Her research focused on the effects of growth hormone on bones and connective tissue in mice. She not only used JAX® Mice to study osteogenesis imperfecta, a rare bone deficiency, but also donated to JAX a mouse model for acromegaly, a syndrome caused by excess production of growth hormone.
Along the way she published the first paper demonstrating the use of polymerase chain reaction (PCR) technology for genotyping pre-implantation embryos, and she later gained a patent for a method to express therapeutic genes in marrow cells for the treatment of bone diseases.
In 2007, rather than continuing as a "good but not great" basic research scientist whose ideas might never be translated into clinical applications, King decided to leave academic research for a job in the pharmaceutical industry. She wanted a more direct role in helping patients.
"I realized I could have a bigger impact facilitating other people's ideas," she says.
Today, at 56, King works in New Jersey as a medical science liaison for a multinational drug company, which she prefers not to name for publication.
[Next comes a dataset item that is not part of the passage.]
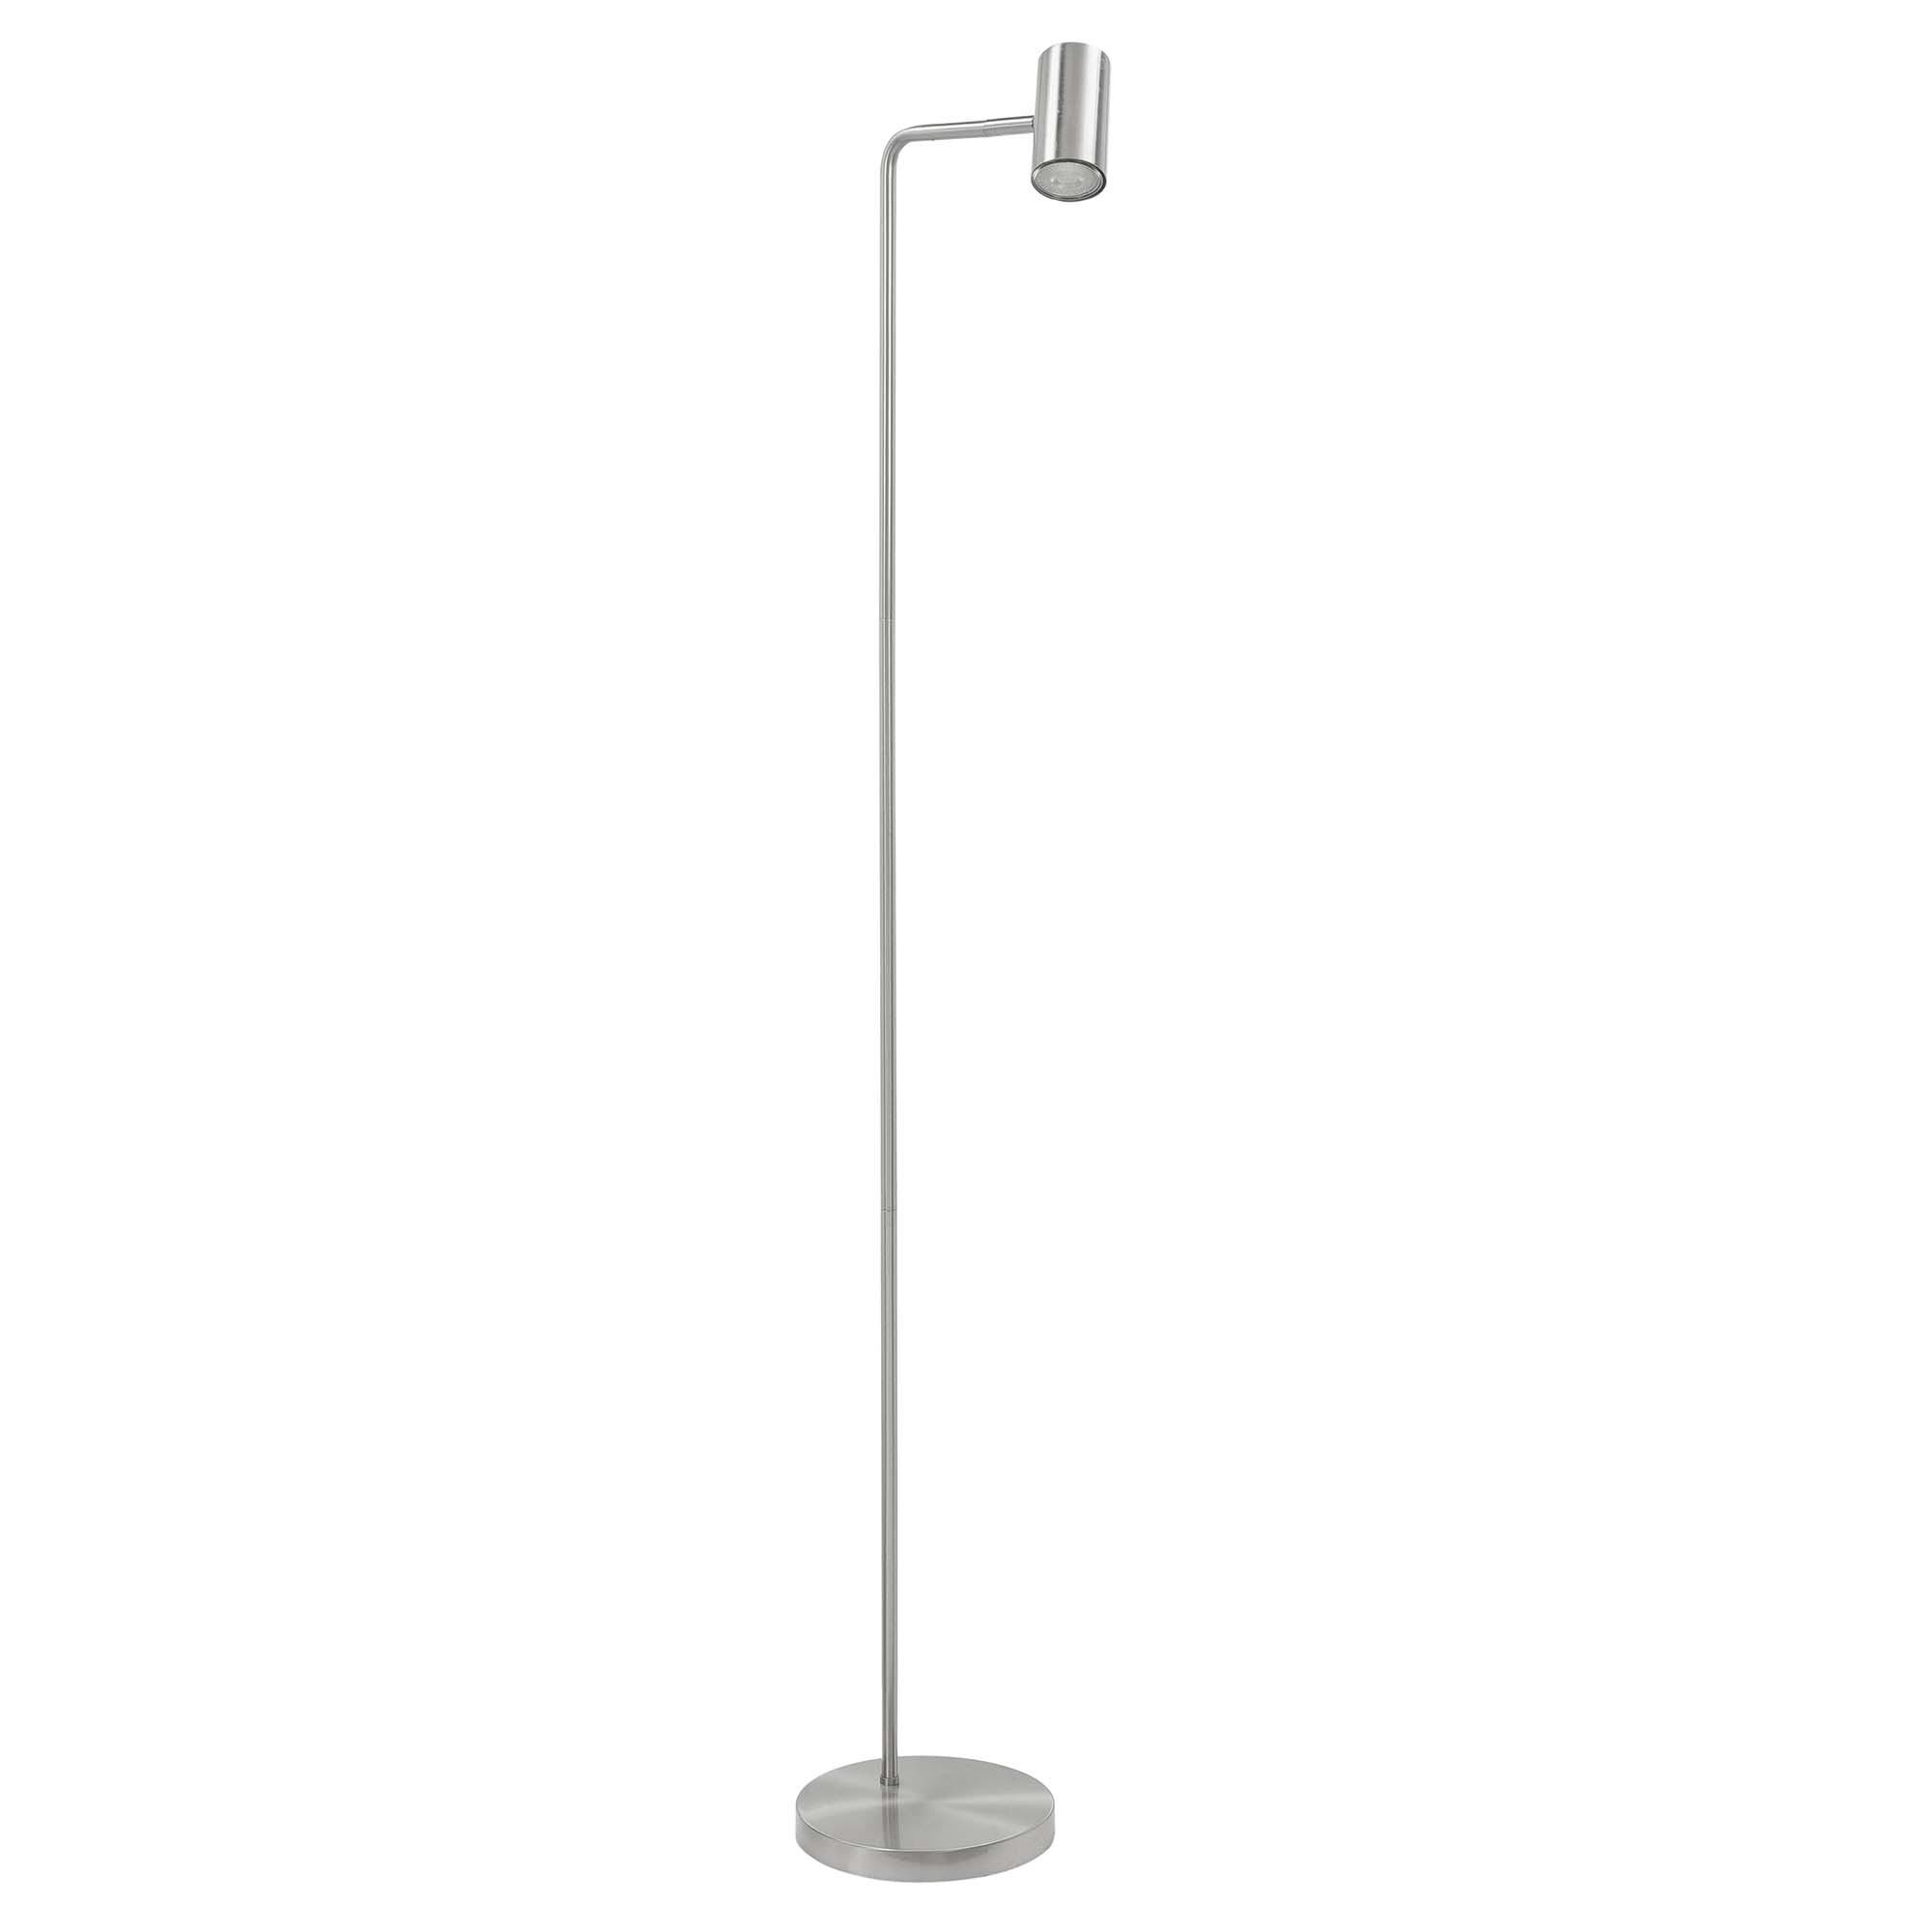 Ylumen Vloerlamp Burgos 1 lichts H 134 cm mat chroom

She interacts with scientists, doctors, insurers and thought leaders to gain and share constructive ideas for the safe and effective use of the company's smoking-cessation and endocrine-care drugs.
She is glad for the opportunity to help smokers break their tobacco habit. "There are so many people who have difficulty quitting, or think they'll do it tomorrow," she says. "It's a very important health problem. If we had to have a message about quitting smoking, it would be, 'Don't assume you can do it alone; get help.' There are counseling services, quit lines and pharmaceutical aids that can help break the addiction to nicotine."
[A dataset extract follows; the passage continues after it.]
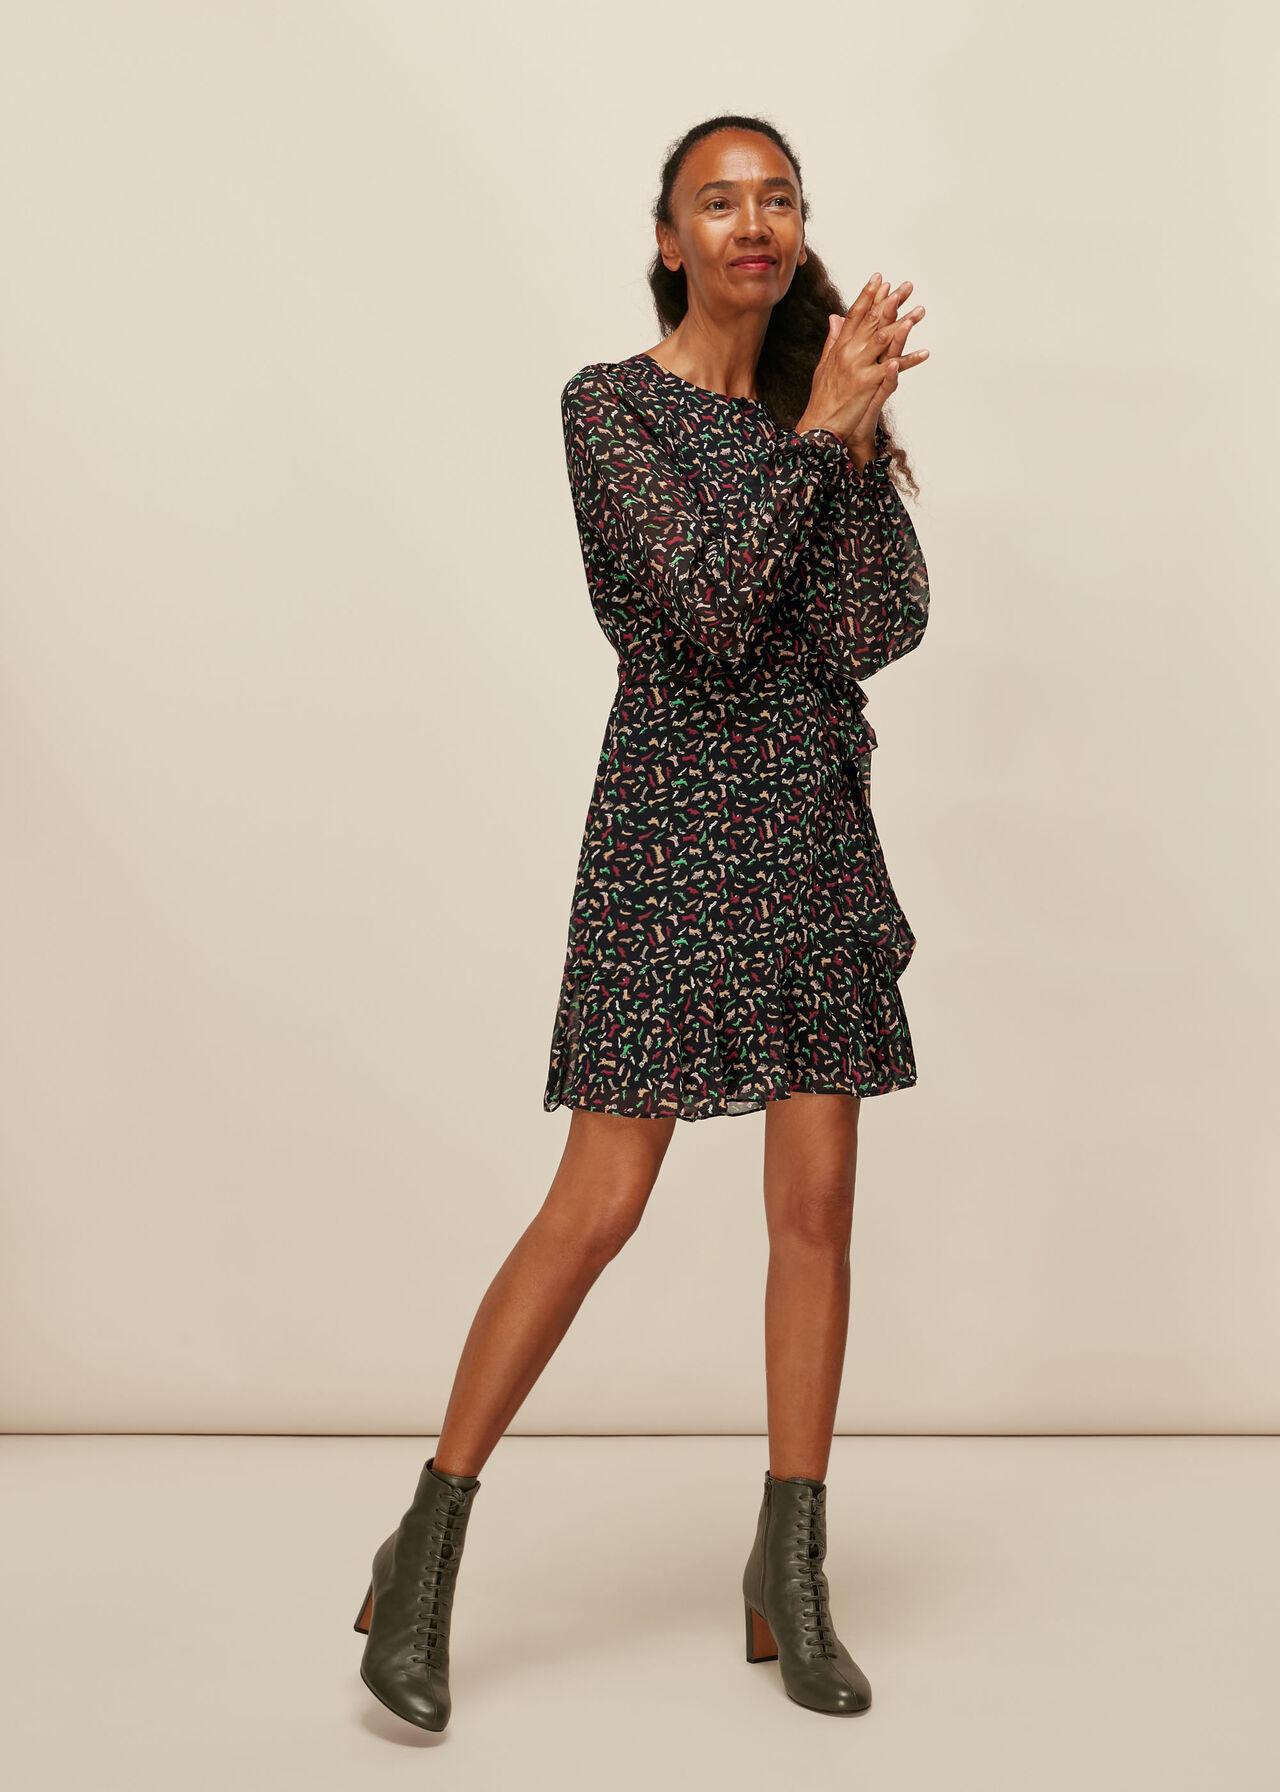 Shoe Print Dress

Helping patients is not only personally satisfying but also enables King financially to support a nonprofit institution that also helps patients, by translating basic research into precise genomic solutions for disease.
"The Jackson Laboratory is my major philanthropic interest," King says. "I'm no longer at the research bench myself, but with my corporate salary, and maximizing my company's generous match, I'm able to support this medical revolution through my donations. While I regularly support several local charities and one rare disease charity, I like the ripple effect that my support of The Jackson Laboratory has the potential to generate."
Her ardent support of JAX doesn't surprise Kathleen Sartoris, Pharm.D., King's former corporate colleague and supervisor. "Donna believes in good science, and I think she feels that she can recognize it," Sartoris says. "She's a long-term thinker about where ideas can go, and she likes to match that with people she thinks can make that happen."
King serves on JAX's Annual Fund Leadership Gifts Committee, encouraging others to give $1,000 or more. The Annual Fund aims to raise $2 million this year to support research, the recruitment of world-class faculty, and educational programs for emerging scientists — and she would like to aim higher next year.
"I'm in love with The Jackson Laboratory — that's my nearest and dearest educational affiliation," King says. "It's a national treasure."
Edison T. Liu, M.D., JAX's president and CEO, couldn't agree more.
"Donna's story illustrates the power JAX has to shape the careers of aspiring scientists and our commitment to make a difference in the lives of each of our student colleagues," says Liu. "We are most grateful for Donna's passion in giving back to JAX, as these resources are precisely what we need to fuel innovation in research and in education. She inspires me, so I know she will inspire others."